- [Problem details]
Beginning with the line that contains "برنامه ابزار ارزیابی" and ending with the line that contains "Efficient home goods", reproduce the lines of the entries below exactly, omitting pictures.

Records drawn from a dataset
▶
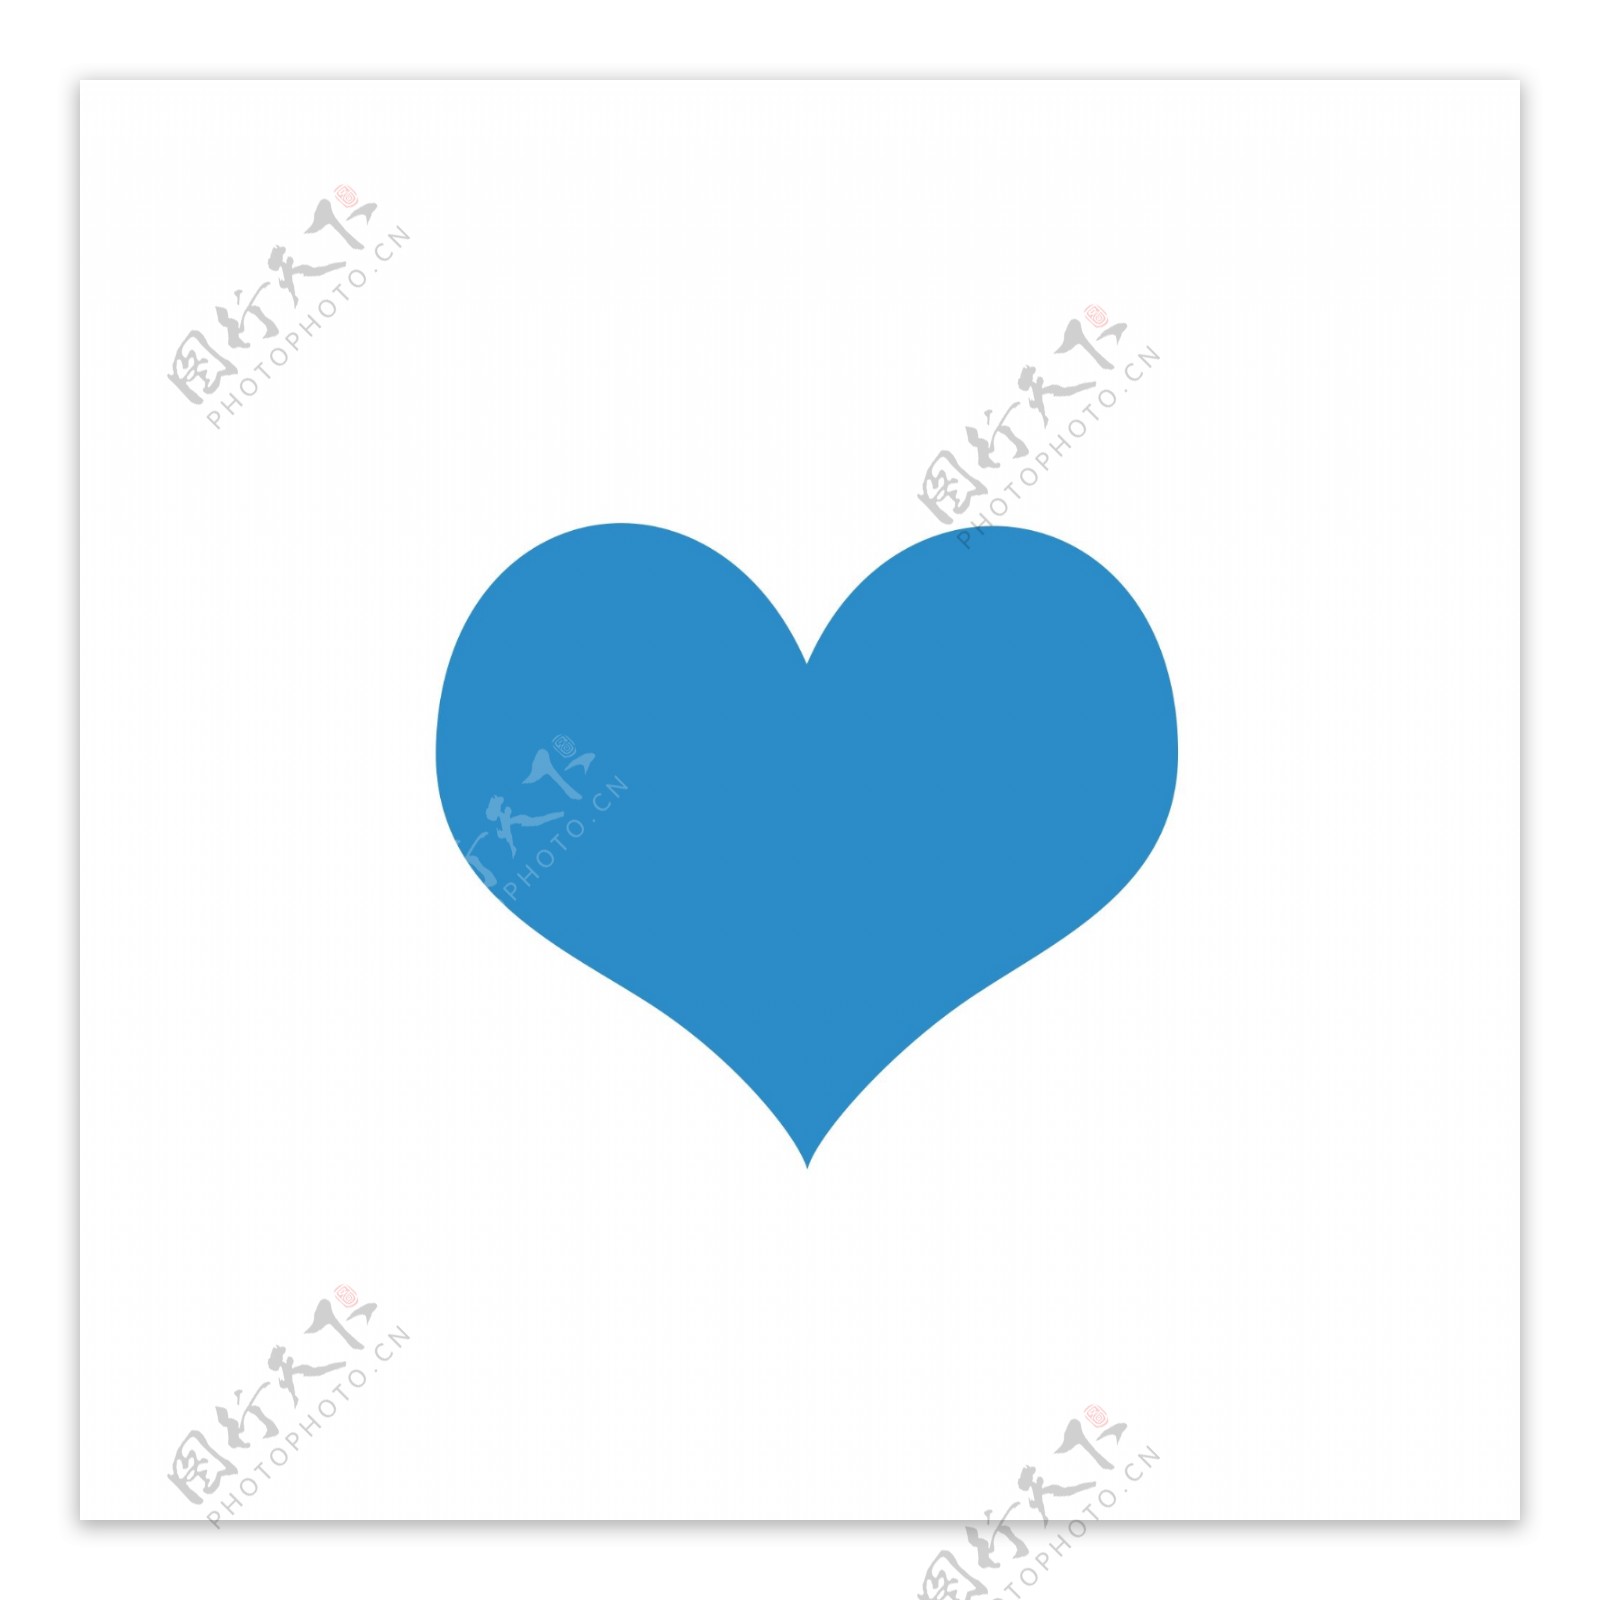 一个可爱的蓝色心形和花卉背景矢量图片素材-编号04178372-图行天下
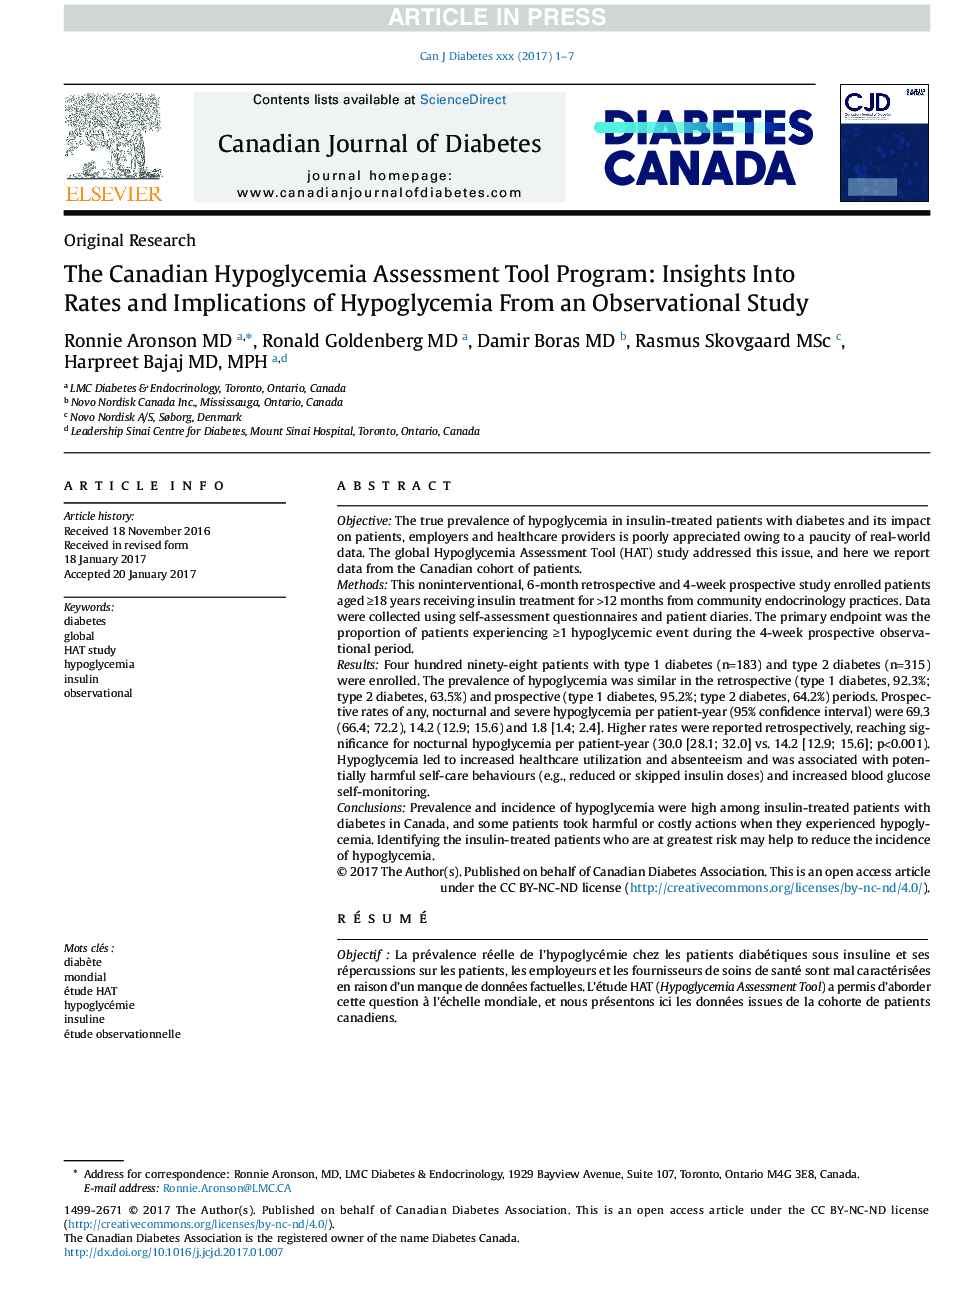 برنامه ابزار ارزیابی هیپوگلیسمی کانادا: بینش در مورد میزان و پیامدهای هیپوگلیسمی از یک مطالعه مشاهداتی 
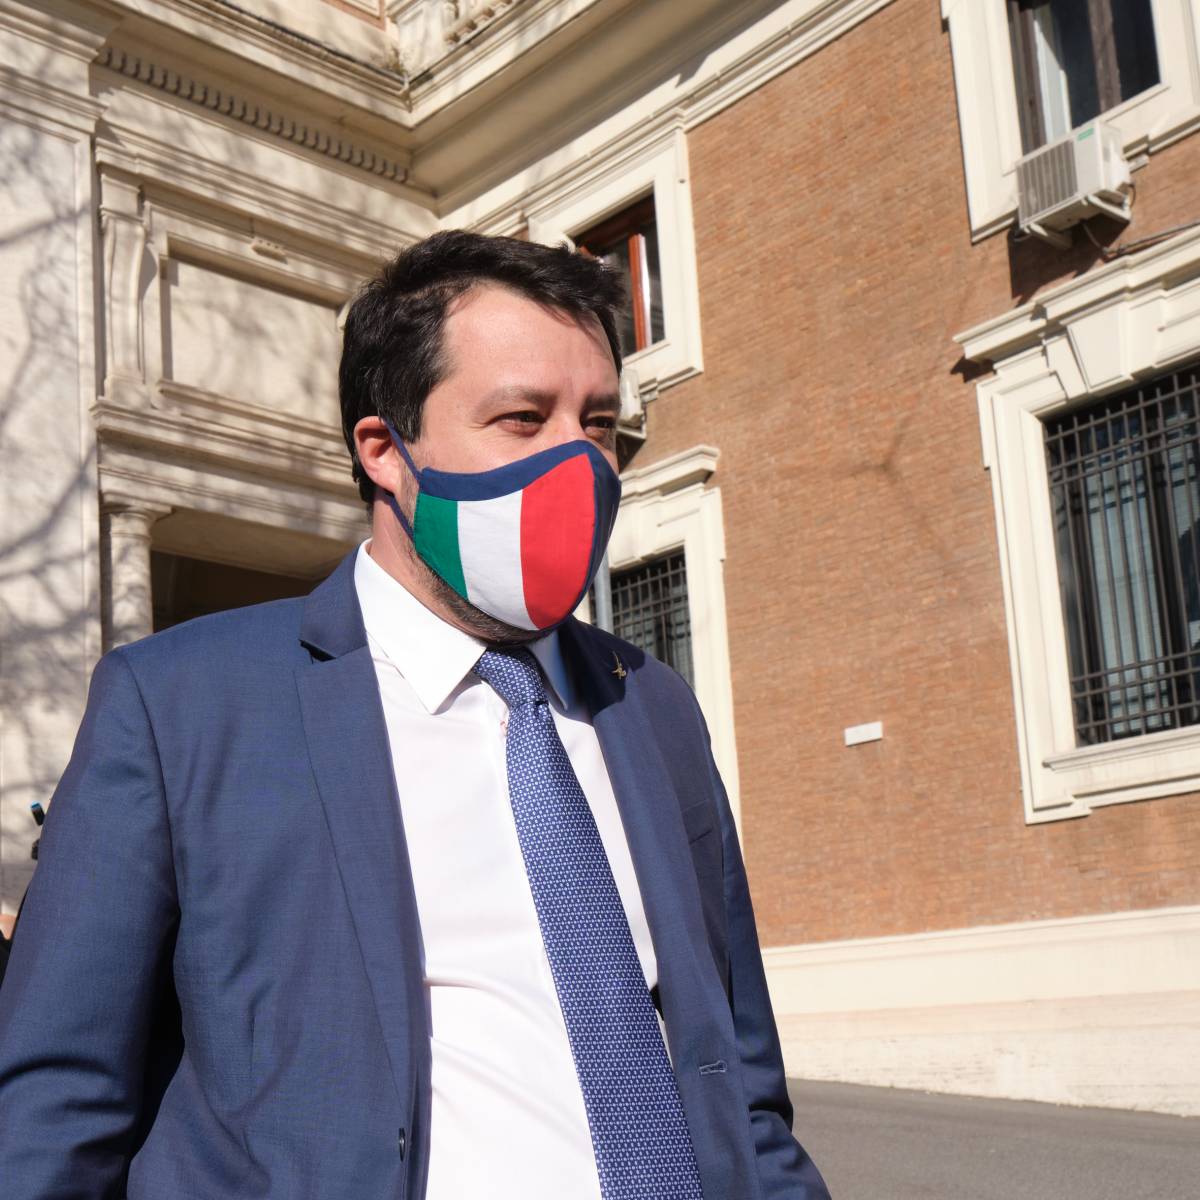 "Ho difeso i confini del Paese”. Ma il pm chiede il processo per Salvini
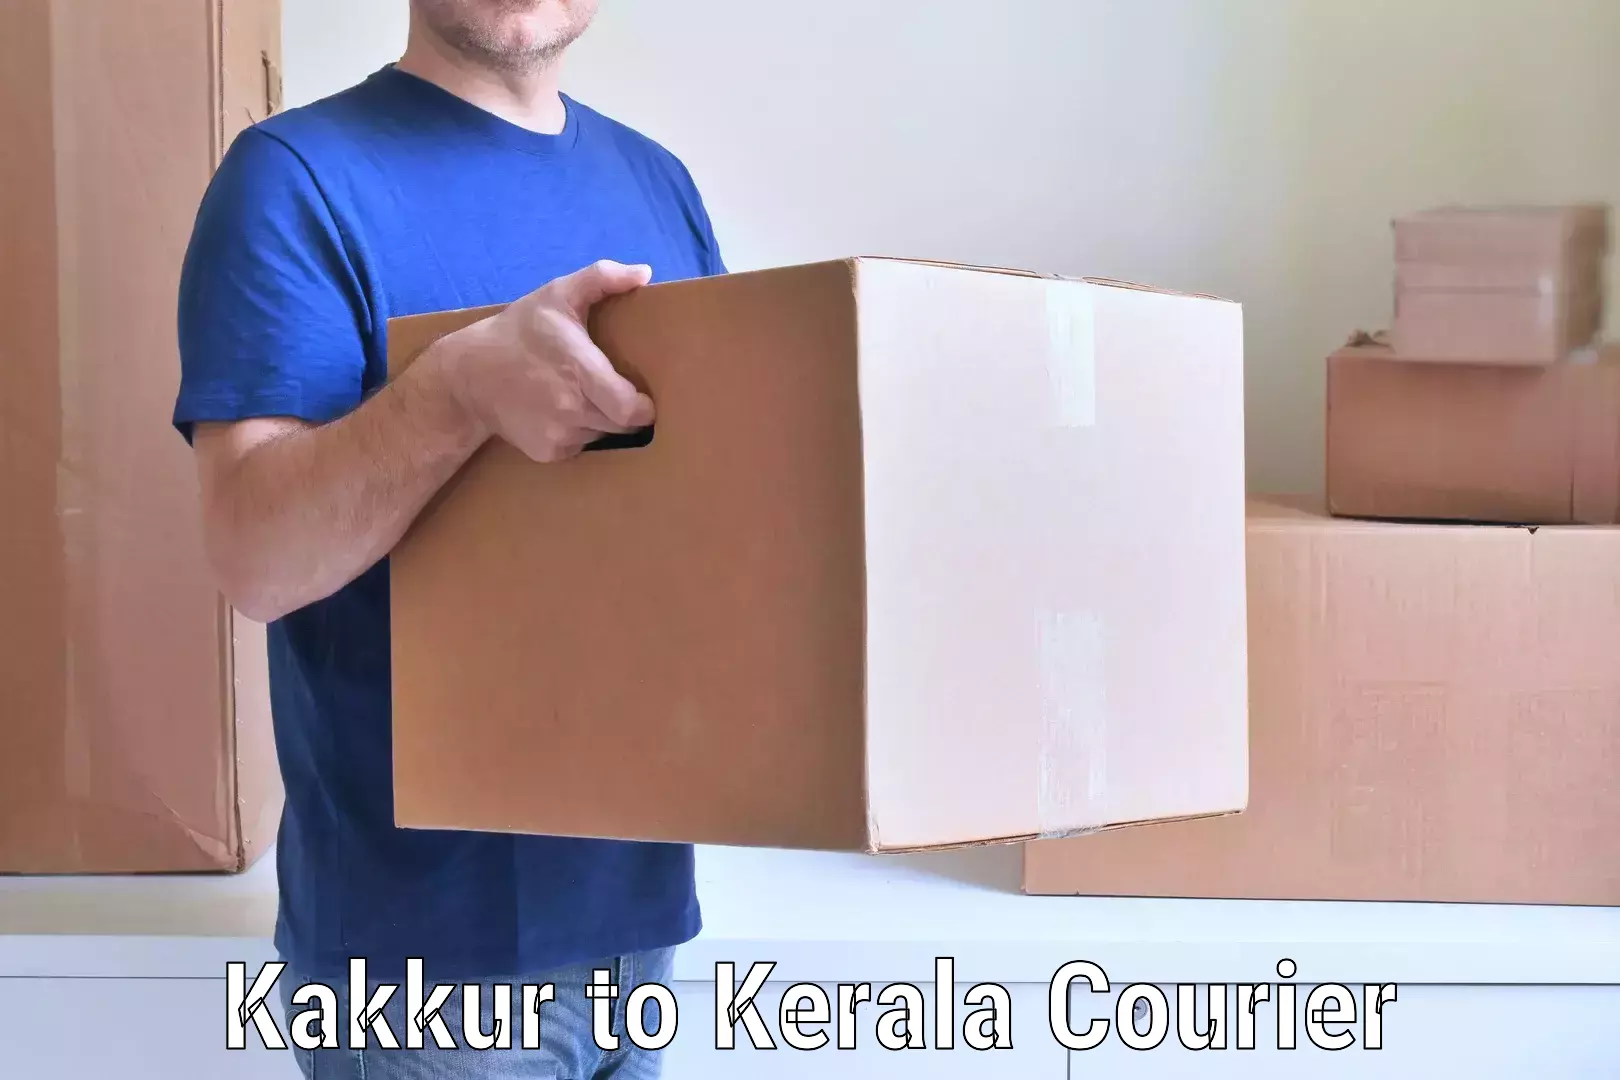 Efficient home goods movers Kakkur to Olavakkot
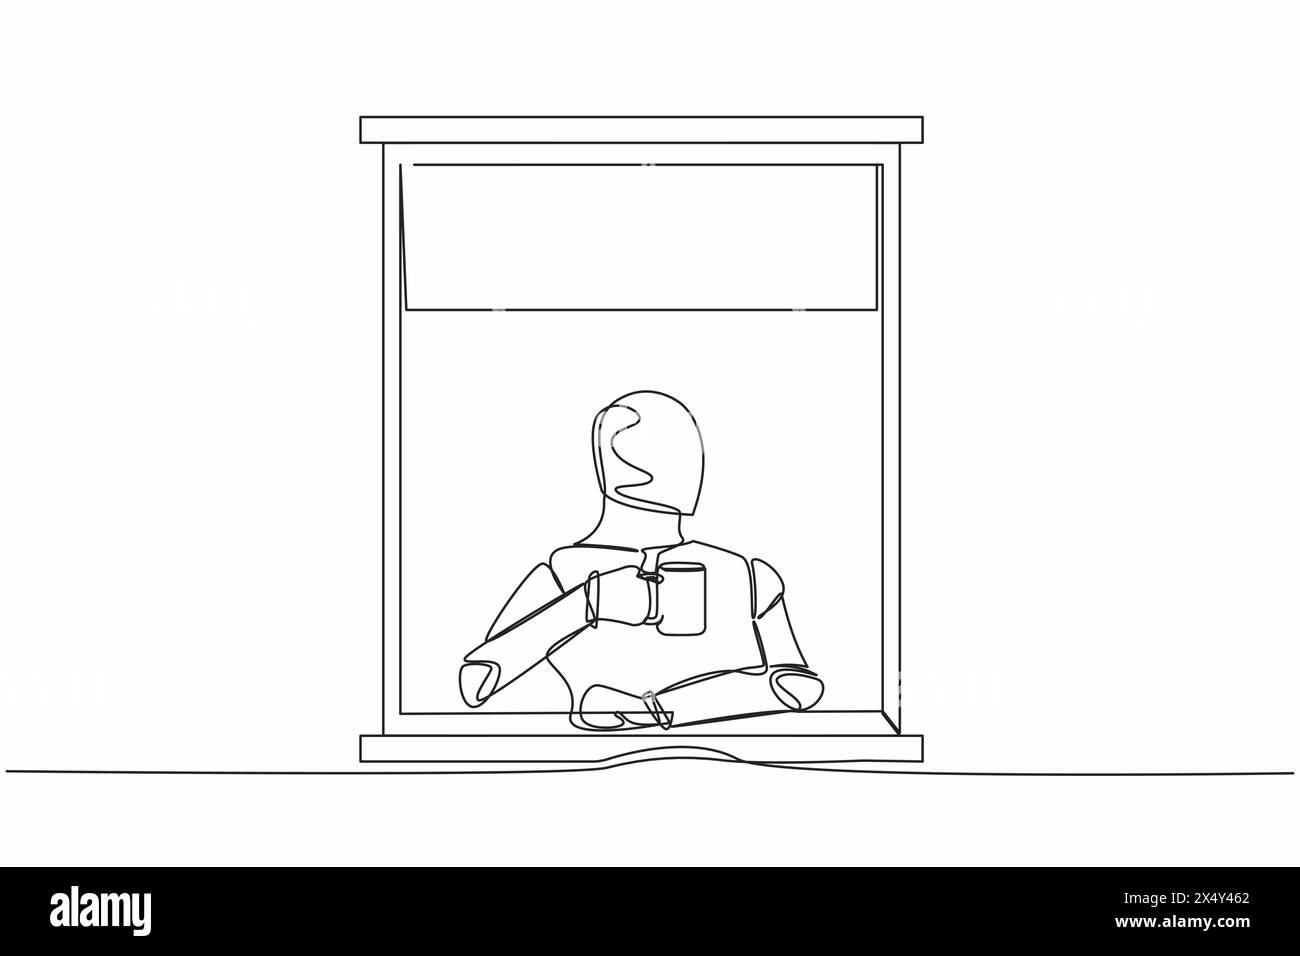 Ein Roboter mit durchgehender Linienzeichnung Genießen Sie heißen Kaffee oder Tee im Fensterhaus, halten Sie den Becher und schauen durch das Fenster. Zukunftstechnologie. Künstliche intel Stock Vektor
◀
- [Output for this exercise]
 برنامه ابزار ارزیابی هیپوگلیسمی کانادا: بینش در مورد میزان و پیامدهای هیپوگلیسمی از یک مطالعه مشاهداتی 
 "Ho difeso i confini del Paese”. Ma il pm chiede il processo per Salvini
 Efficient home goods movers Kakkur to Olavakkot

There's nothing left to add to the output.